New Delhi: Private airport developers planning to participate in the development of the country’s 35 non-metro airports, being modernized by the state-run Airports Authority of India, or AAI, will not be given control of the airport’s terminal buildings, reducing the scope of their business.
The civil aviation ministry’s decision could hurt expected private and public investment of some $800 million (Rs3,904 crore) in such airports across the country. More immediately, it would require fresh bids to be sought for the Udaipur and Amritsar airports based on new parameters.
New terms: Civil aviation minister Praful Patel has approved the fresh proposal that excludes control of terminal buildings. Ramesh Pathania / Mint
AAI had sought private participation for these two non-metro airports in late 2007 and announced five bidders each in April 2008 from among the nearly two dozen firms that had shown interest in the projects that promised prime land parcels for development.
That plan ran into trouble with AAI objecting to the ministry’s view that control of airport terminal buildings be given to the selected private operators to maximize “commercial exploitation”. In addition, opposition from the Left parties, allies of the Congress-led coalition government at the Centre until early July, caused the selection of a private operator for the Udaipur and Amritsar airports coming to a halt, according to a ministry official who asked not to be named.
Nearly $400 million of private investment was expected in the 35 non-metro airports with AAI spending an equal amount to modernize them. The authority planned to attract private partners at 24 airports first.
According to the new proposal approved by civil aviation minister Praful Patel, clarified in a letter that Mint reviewed, development at such airports now will be limited to “commercial development of property on city side, car park, cargo operations” and excludes control of the terminal buildings at any of the 35 non-metro airports.

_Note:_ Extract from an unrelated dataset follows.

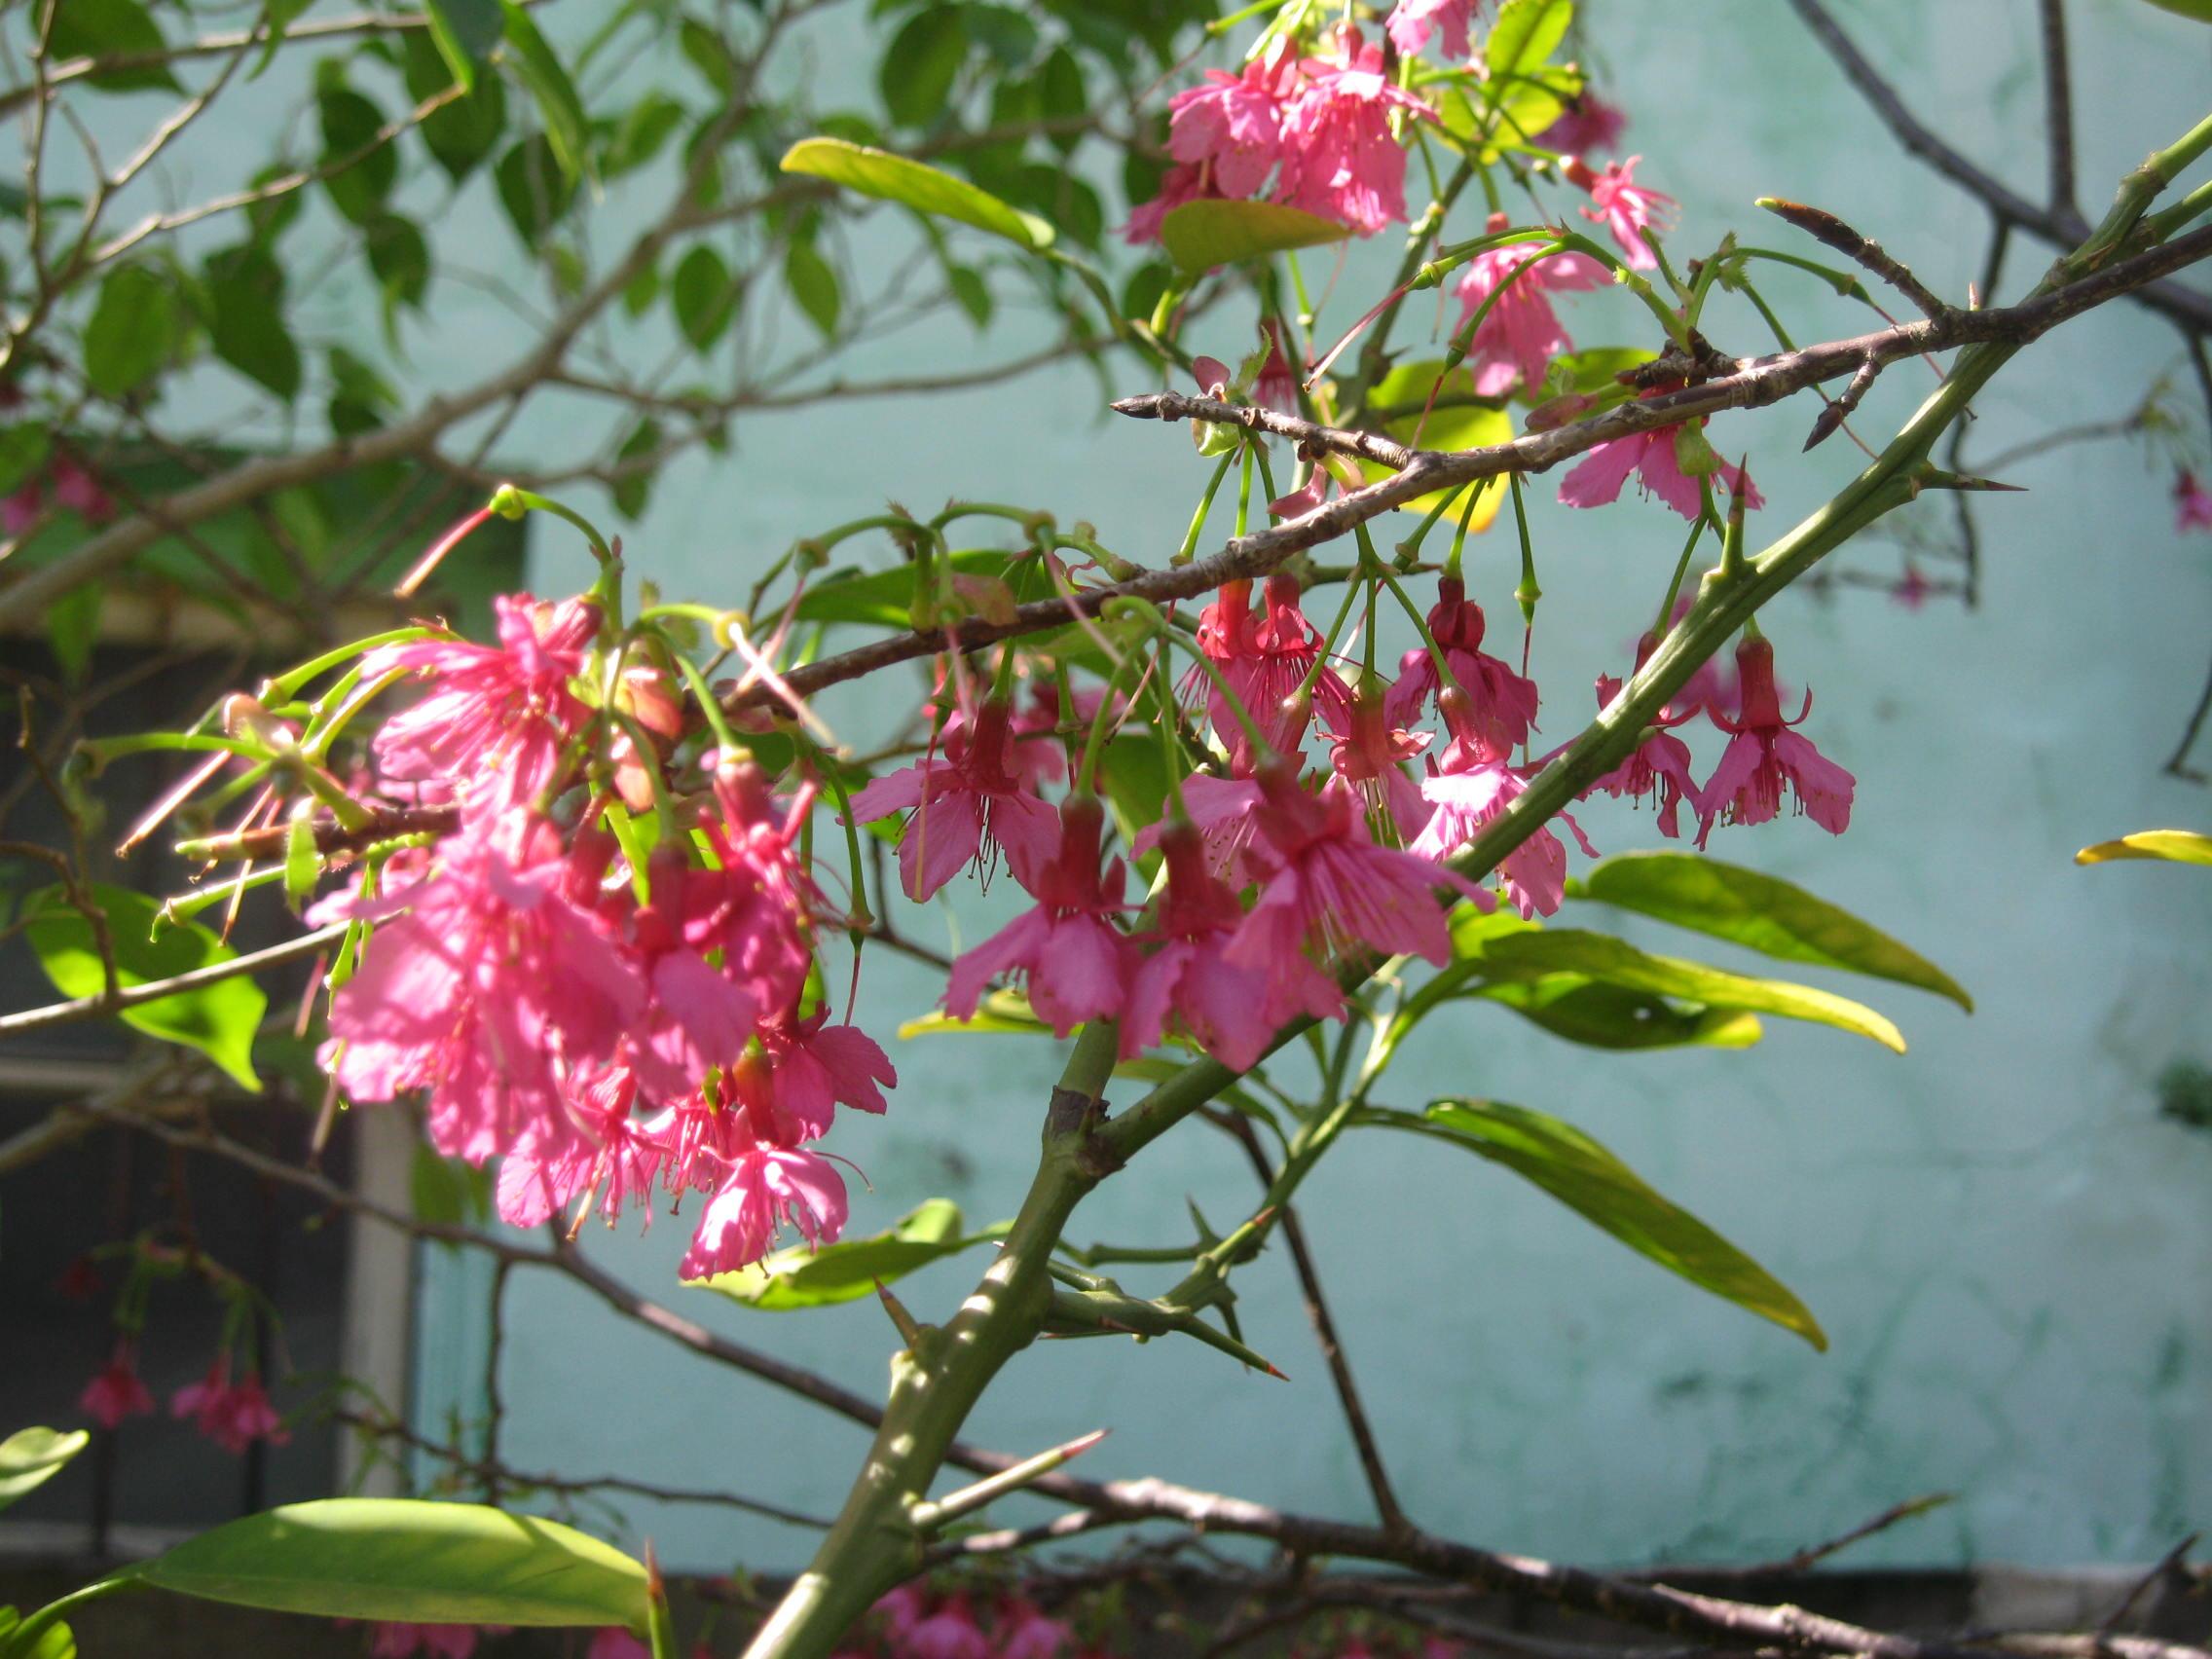 春天开花图在线观看,夏季开花的树
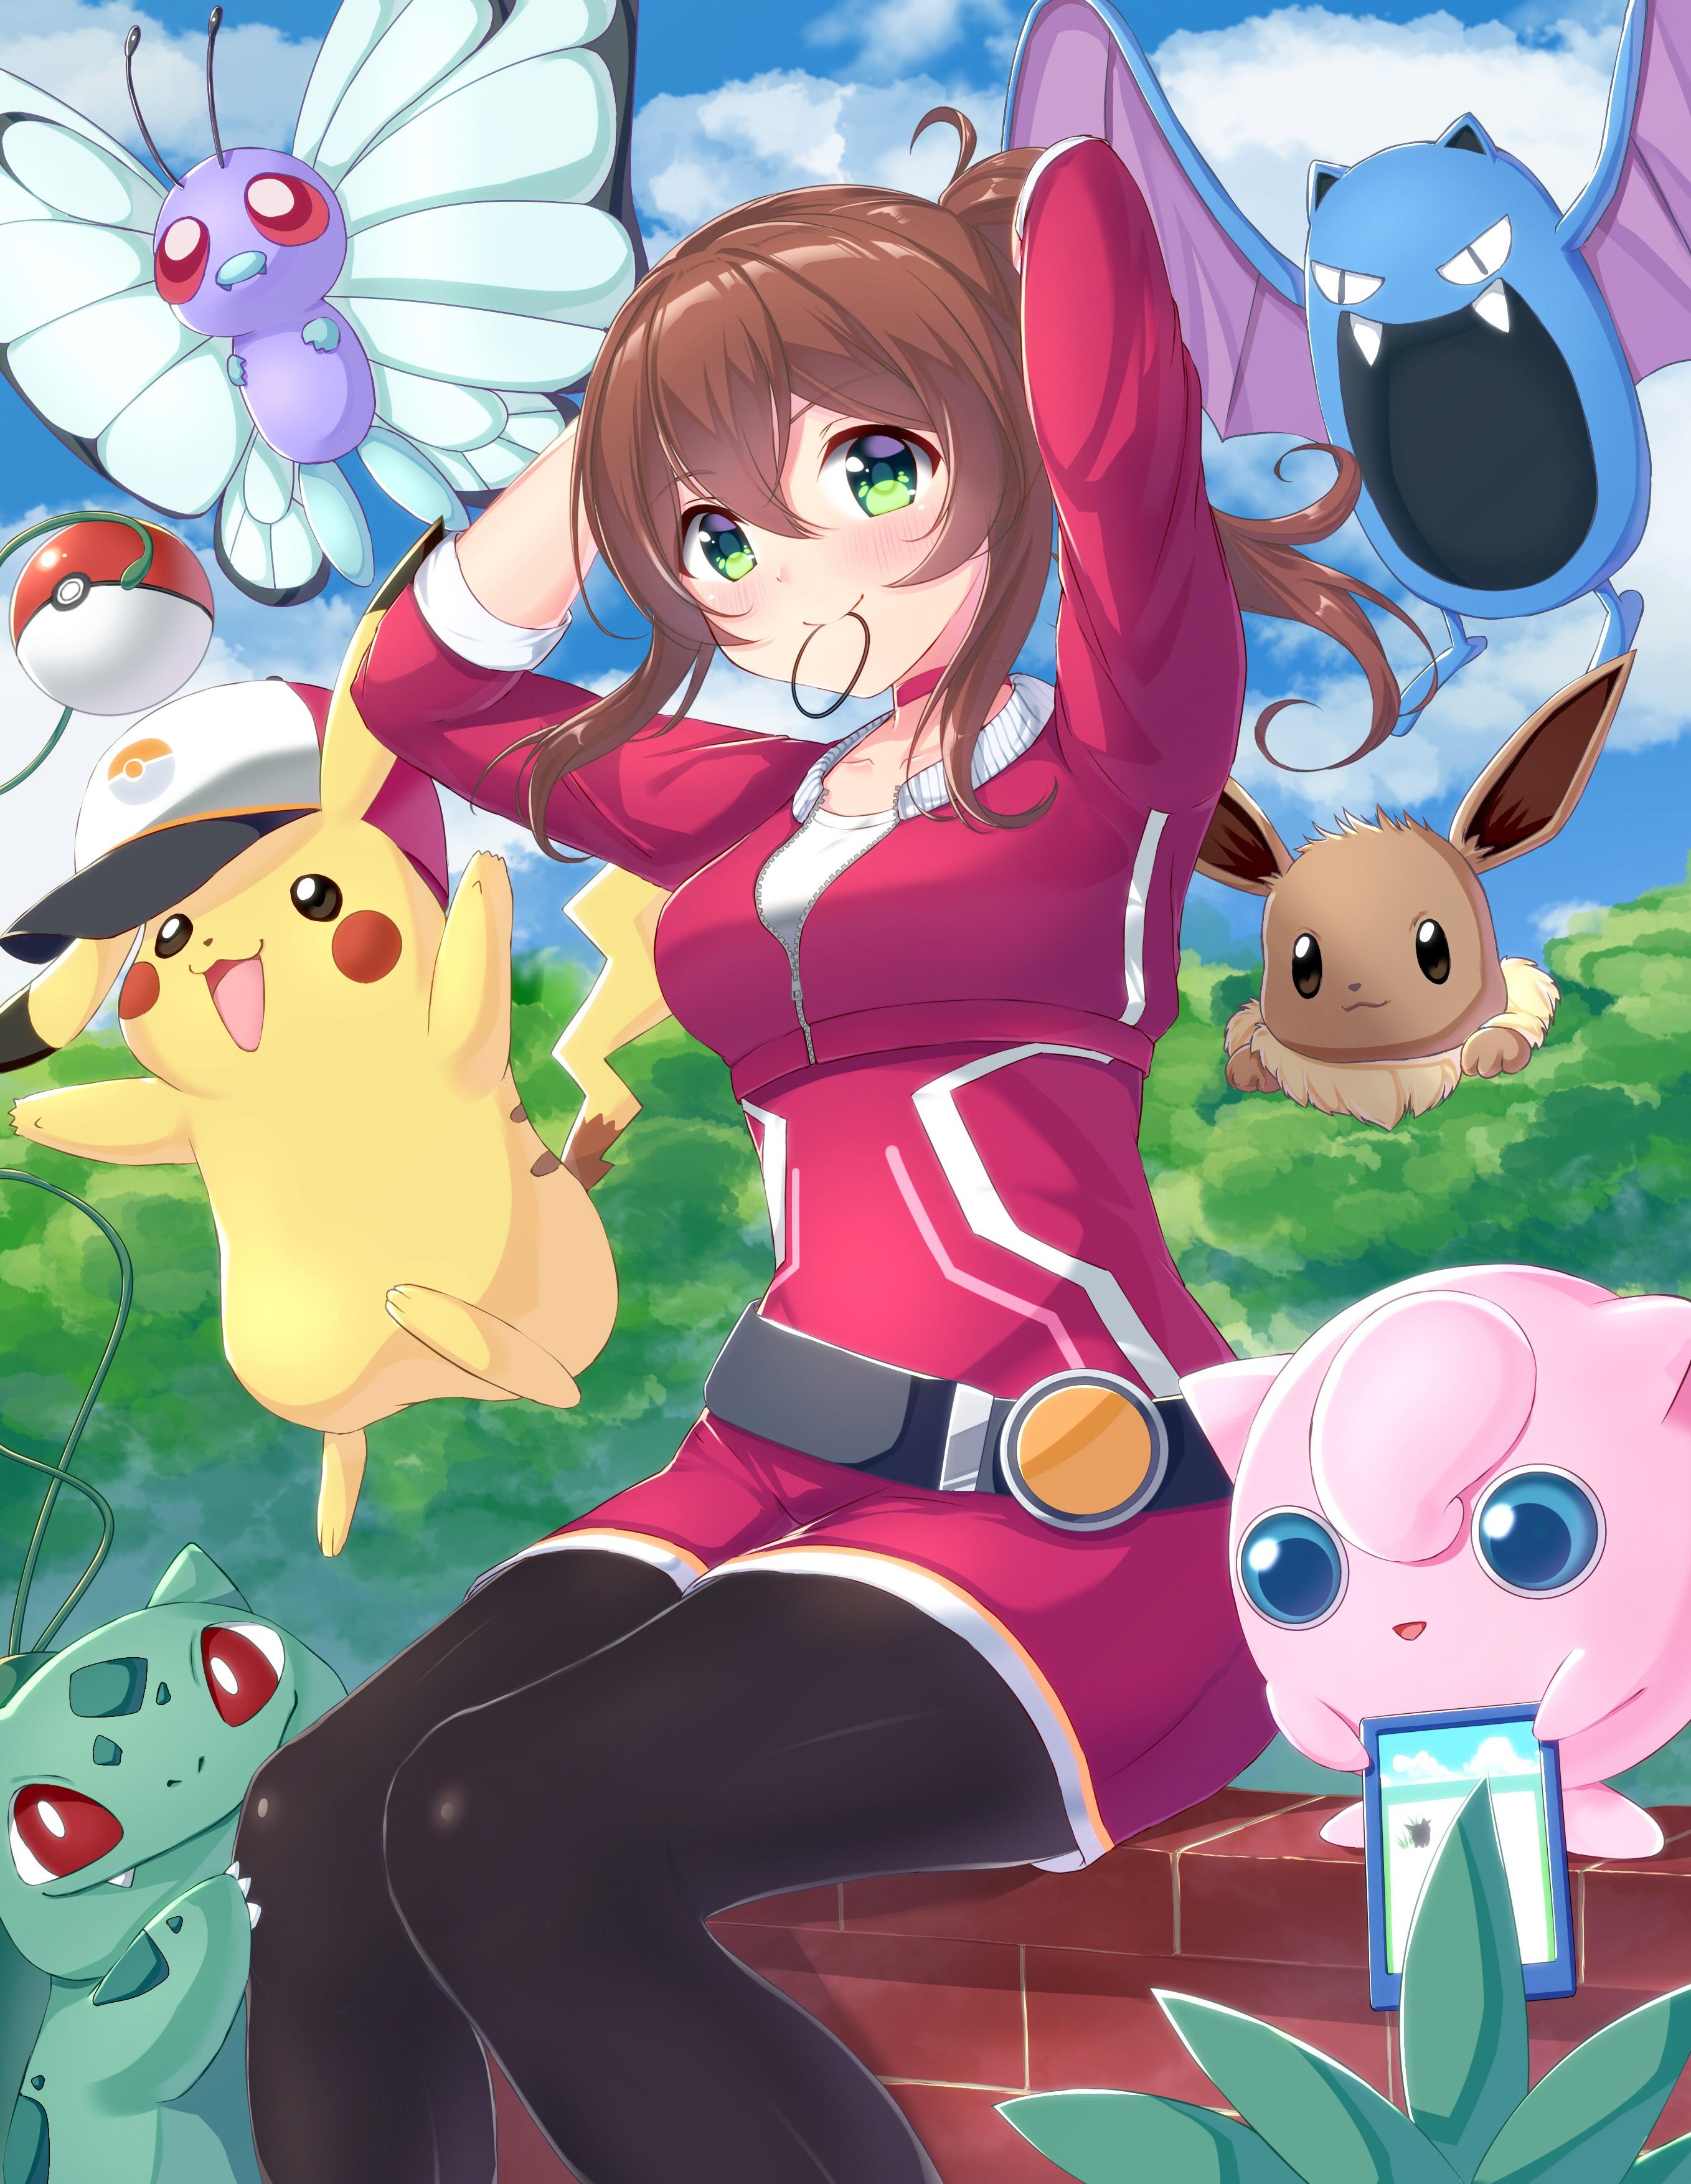 Wallpaper Illustration Long Hair Anime Girls Brunette Green

The scope of private participation in the initial so-called request for qualification at the Udaipur and Amritsar airports had included commercial operations, maintenance of the airport’s terminal building, and cargo operations as also developing the city side land (land outside the airport’s terminal building).
The ministry’s decision comes on the heels of the accounting fraud at tech vendor Satyam Computers Services Ltd. Maytas Infra Ltd, controlled by the family of Satyam founder B. Ramalinga Raju, was one of the five shortlisted bidders for Udaipur airport. It was not clear if the decision was related to the Satyam scandal.
Others shortlisted for the Udaipur airport included a Tata-Changi Airport consortium, the Reliance-Anil Dhirubhai Ambani Group, or R-Adag, GMR Infrastructure Ltd, and Larsen and Toubro Ltd, or L&T. At Amritsar, shortlisted bidders included Tata-Changi, R-Adag, L&T, Fraport AG, Lanco Infratech Ltd and Genting International (Singapore) Pte Ltd. Tata-Changi is a partnership between the Tata group and the operator of Singapore’s Changi Airport.
In the earlier bid, AAI was to give part operational control and most of the maintenance work on a 30-year contract on the lines of the lease contracts at the Mumbai and Delhi airports, retaining overall management control.
Terms of the new bids are still not clear. An expert said the new terms will cause private bidders to reassess non-metro airports they want to participate in, given that several of the airports are making losses. “The private sector will reassess the entire scenario before it will participate and this becomes even more important when the terminal building is also withdrawn,” said Gurcharan Bhatura, secretary general of New Delhi aviation and tourism consultancy Foundation for Aviation and Sustainable Tourism.